$ cat post/debugging-with-a-dash-of-python:-a-day-in-the-life-of-2003.md

Debugging with a Dash of Python: A Day in the Life of 2003


November 24th, 2003. The air is crisp, and the leaves have just begun to change their hues from green to amber. I’ve been at this job for about two years now—engineering manager by day, platform engineer by night—and it’s a balancing act. Debugging issues in our web app feels like solving a puzzle where every piece is a different language or framework.

Today’s morning meeting was lively. One of the backend developers presented an interesting issue: our application wasn’t handling session data correctly on certain pages. I had to go deep into the code, which, as usual, involved a mix of Python and Perl—two languages that coexist in a way only open-source communities can manage.

I sat down with my trusty machine and started looking through the logs. The error messages were vague, but the stack traces hinted at some sort of memory leak or race condition. I decided to start by examining the session handling code, which was a mix of Python scripts running on top of Apache and Perl scripts interfacing with MySQL.

As I drilled down into the codebase, I realized that the issue wasn’t isolated in one file but spanned multiple layers. There were interactions between different components—Python scripts sending requests to Perl scripts, which then interacted with the database. The complexity of the system was a double-edged sword: it was powerful, but it also made debugging more challenging.

I wrote a quick script using Python’s pdb (the debugger) to step through the code and trace where data was being altered or lost. It’s amazing how a simple print statement can make such a difference. The real issue turned out to be a subtle race condition in our session handling logic, which wasn’t easily visible without detailed tracing.

While I was working on this, my colleague brought up an interesting point: we should consider rewriting some of the Perl scripts using Python. He argued that Python would be more maintainable and easier to debug. This sparked a debate about the future direction of our platform. Some were skeptical, while others saw the value in modernizing.

After some heated discussion, we decided to take it slow. We wouldn’t rewrite everything at once but would start by gradually moving critical scripts over. It’s not always easy to convince everyone to change their ways, especially when they’re comfortable with what they know. But sometimes, these small steps lead to significant improvements down the line.

In the afternoon, I presented our findings and proposed solution to the team. We agreed on a plan: add more logging, refine our race condition handling, and begin the process of modernizing some parts of the system. It’s moments like these that remind me why I love this job—there’s always something new to learn and improve.

The evening came quickly, and with it, the usual rush of work wrapping up and team members heading home. As I sat at my desk, reviewing notes for tomorrow, I couldn’t help but feel grateful. The tech landscape was shifting rapidly, and being part of a company that embraced change and improvement felt rewarding. Even though there were challenges, the sense of progress was palpable.

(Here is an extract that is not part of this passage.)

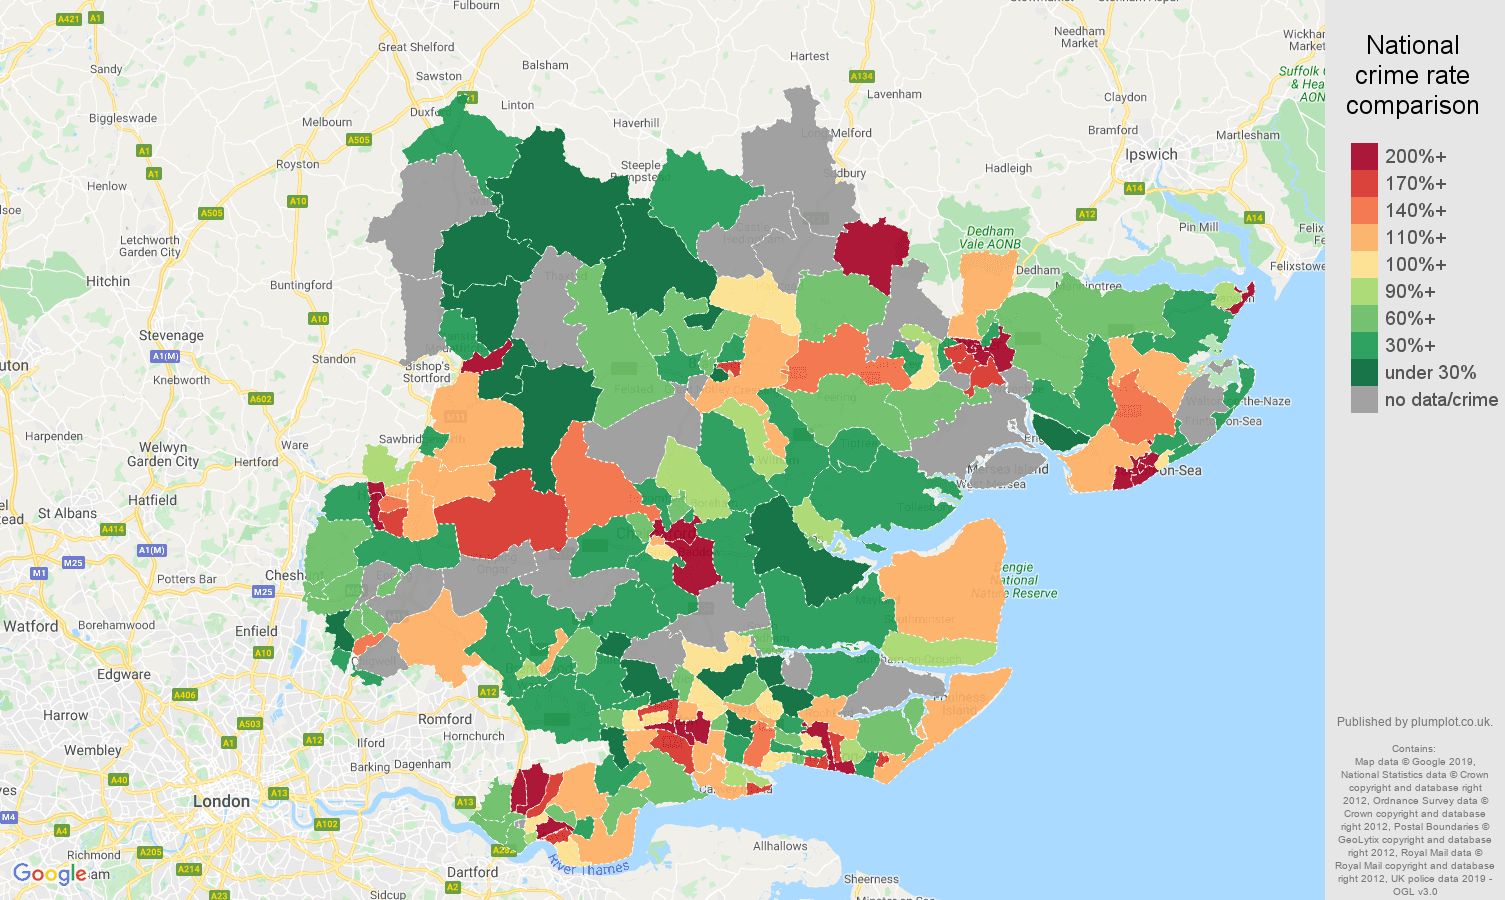 Essex possession of weapons crime rate comparison map

As I closed my laptop, I realized how far we’ve come since the days when I first joined. From the early days of LAMP stacks to now, technology has evolved so much. But one thing remains constant: the satisfaction of solving a tough problem and making something better.

Happy Thanksgiving, everyone!


That was a day in 2003, and it feels like just yesterday. The tech world is always moving forward, but there’s still plenty of value in the lessons from those early days.